DATASET EXCERPT:

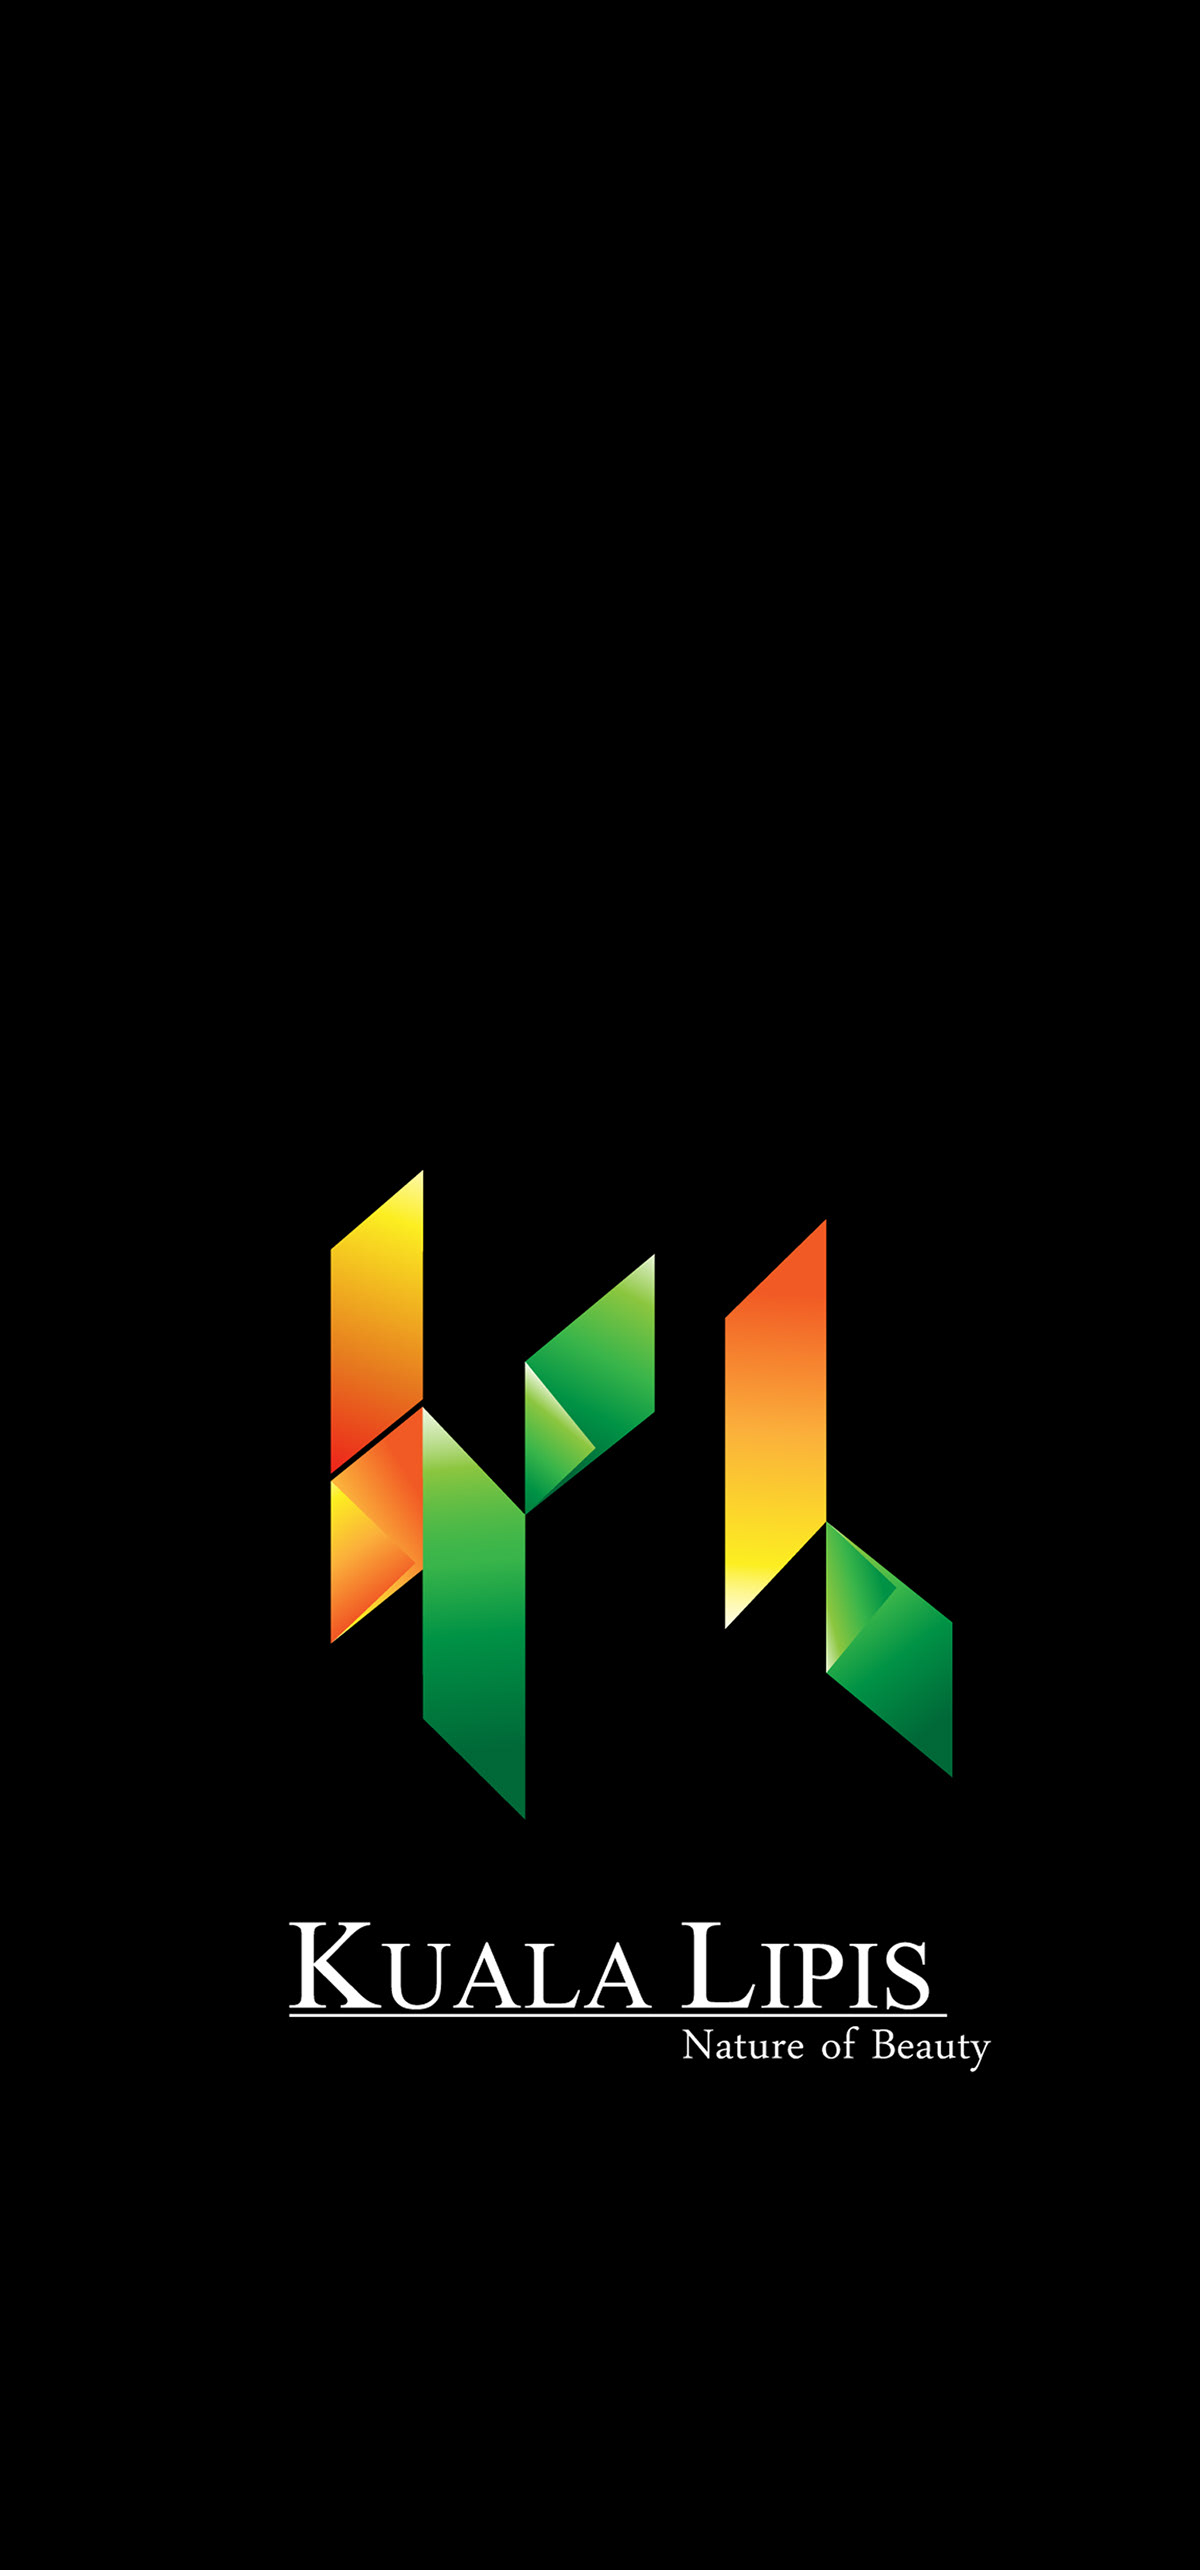 Logo Design town kuala lipis pahang green
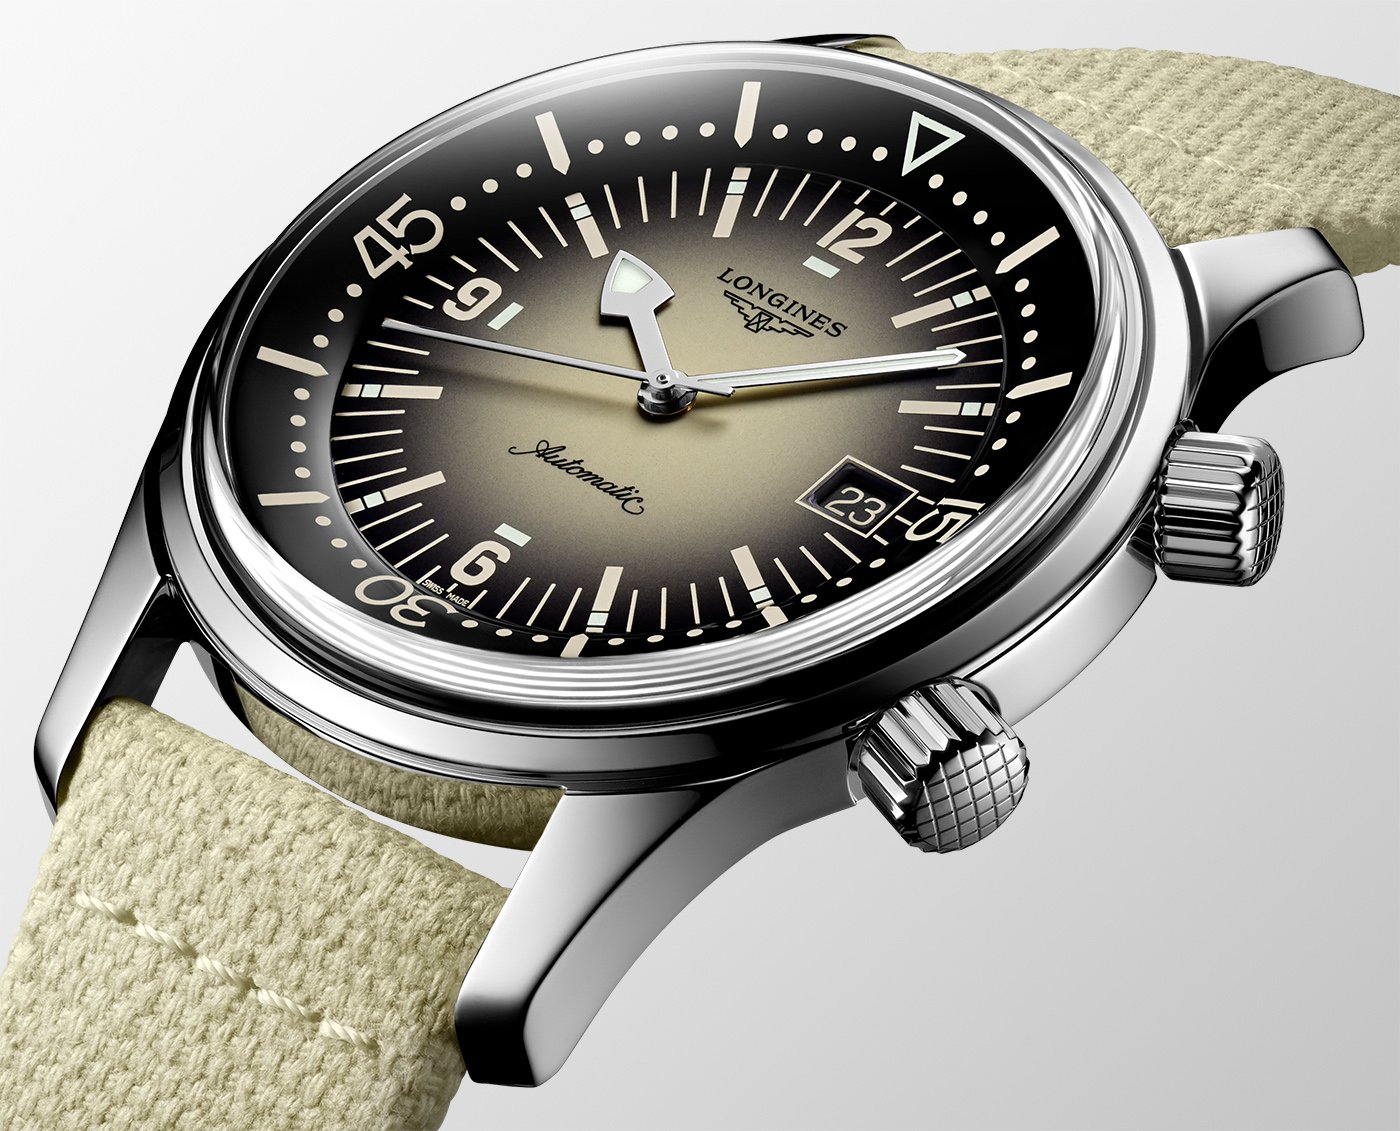 Longines представляет новые модели часов Legend Diver диаметром 36 и 42 мм
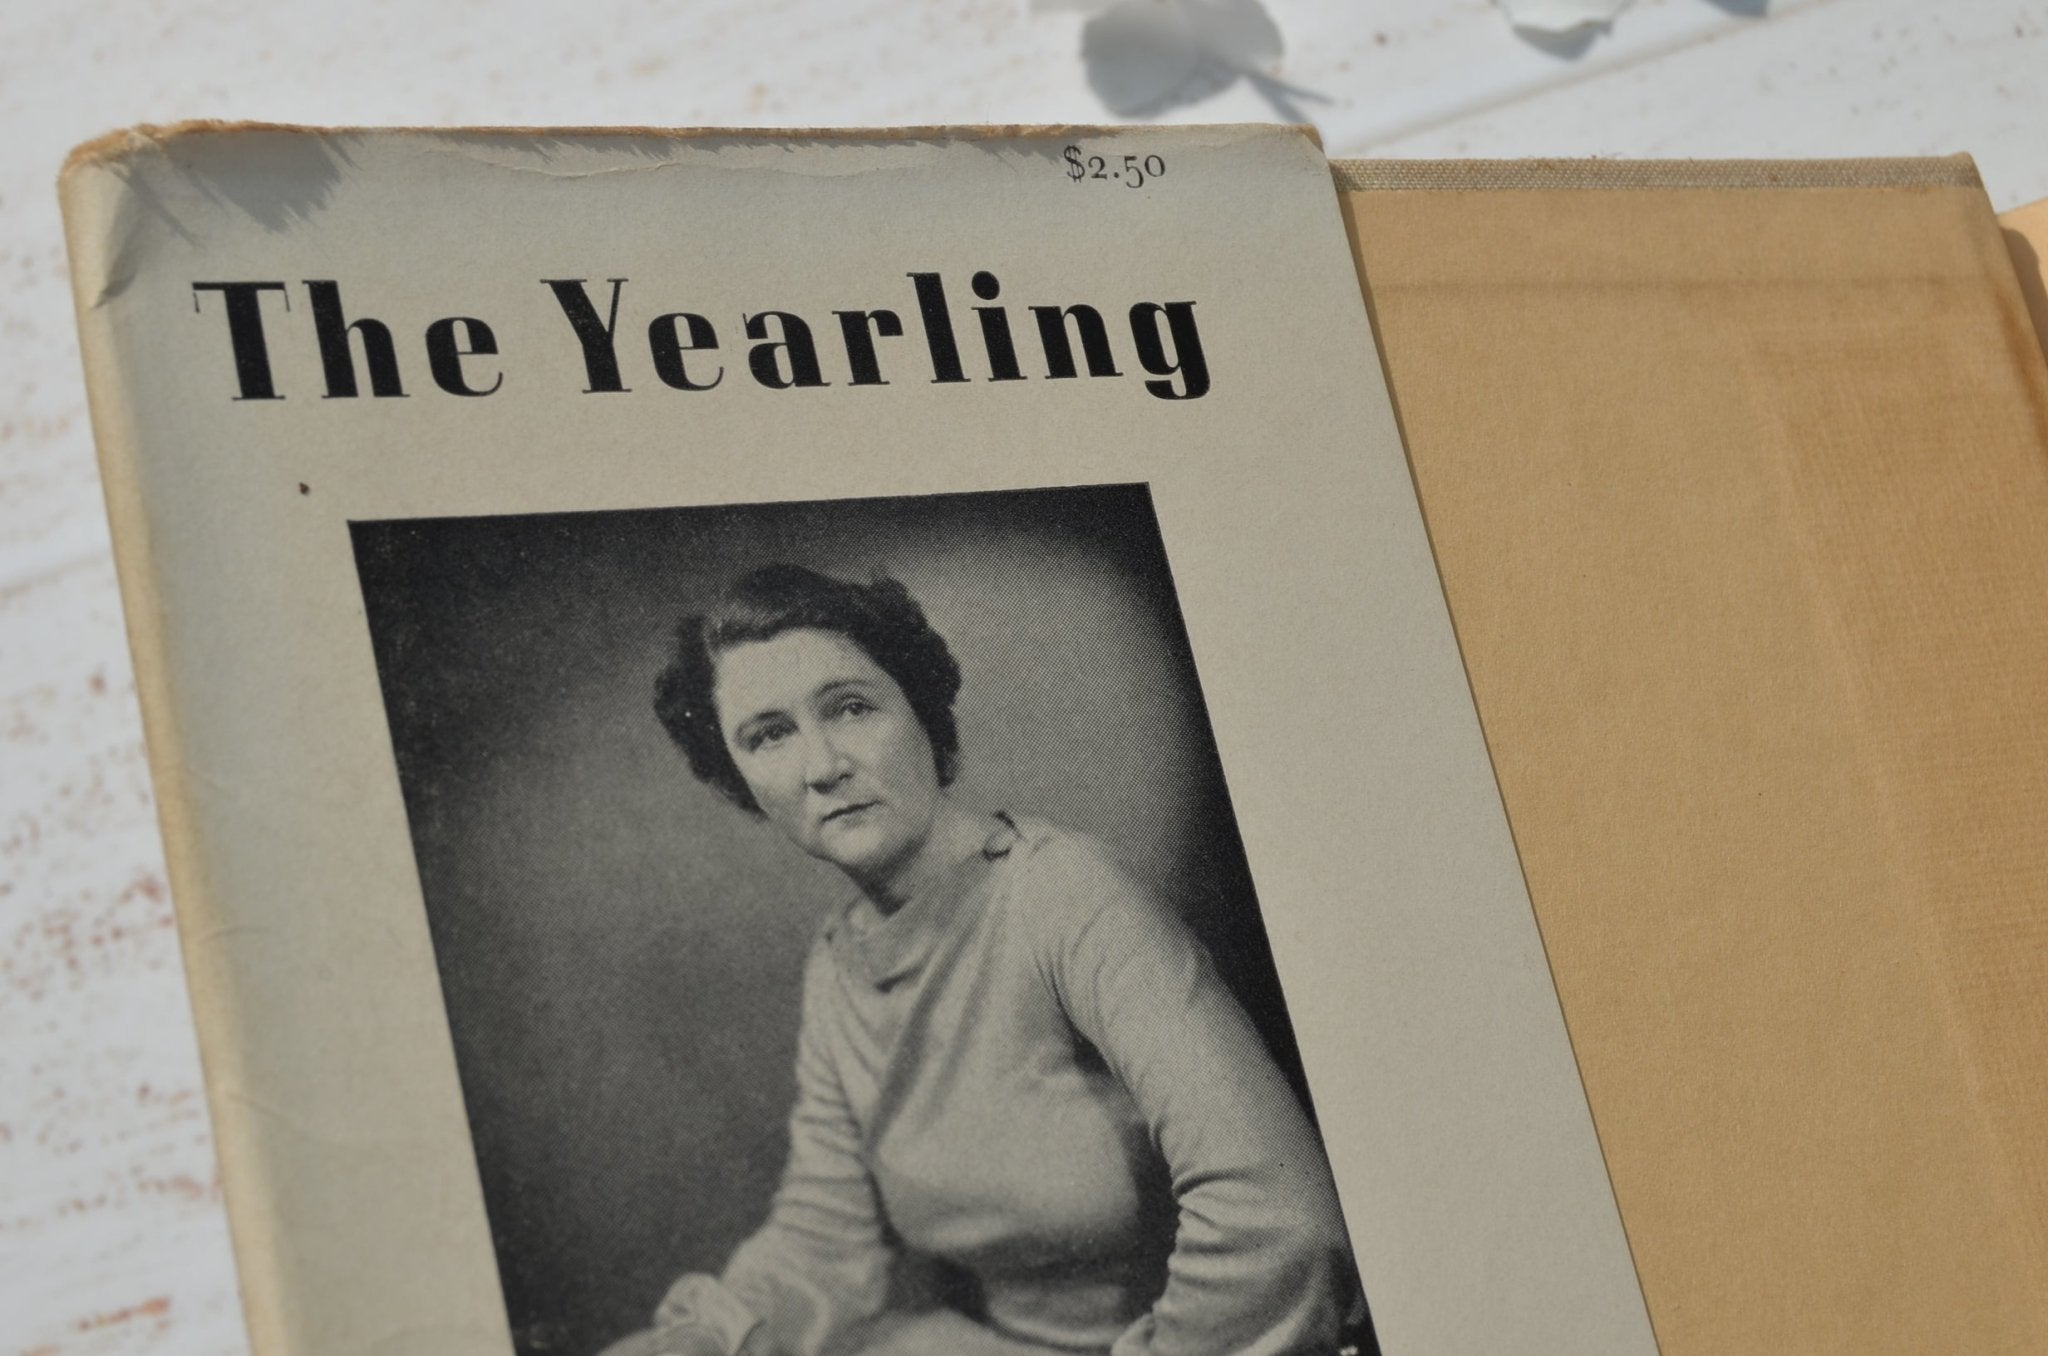 Early Printing – The Yearling by Marjorie Kinnan Rawlings 1938 - Brookfield Books
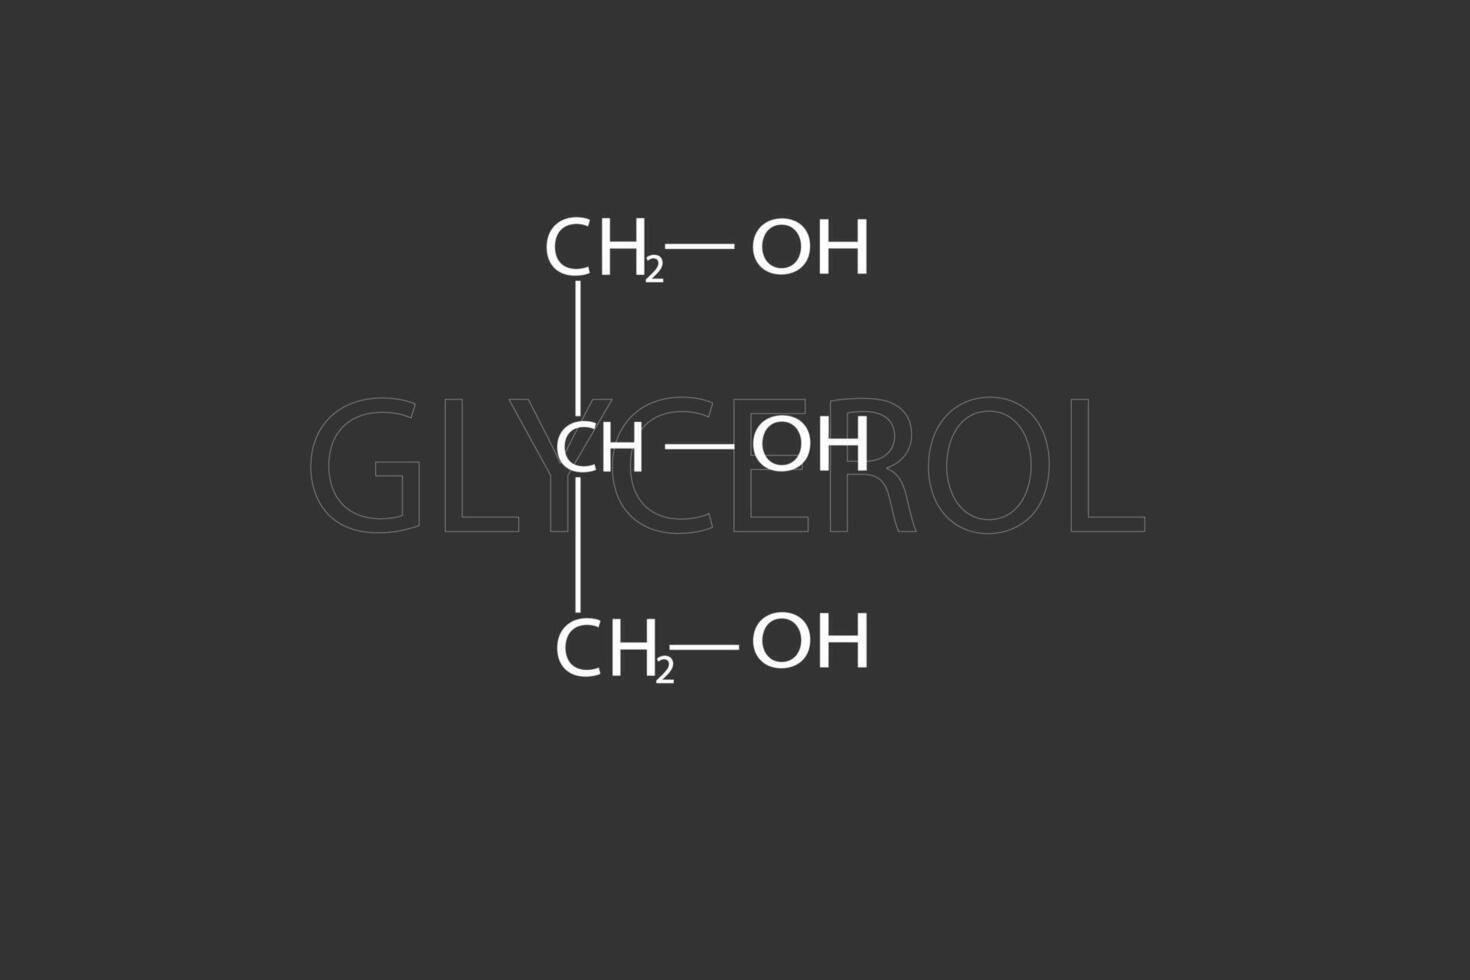 Glycerin molekular Skelett- chemisch Formel vektor

TASK STATEMENT: When you retype the data above, match every line exactly and leave the pictures behind.

RESULT OF THIS TASK:
 Logo Design town kuala lipis pahang green
 Longines представляет новые модели часов Legend Diver диаметром 36 и 42 мм
 Early Printing – The Yearling by Marjorie Kinnan Rawlings 1938 - Brookfield Books
 Glycerin molekular Skelett- chemisch Formel vektor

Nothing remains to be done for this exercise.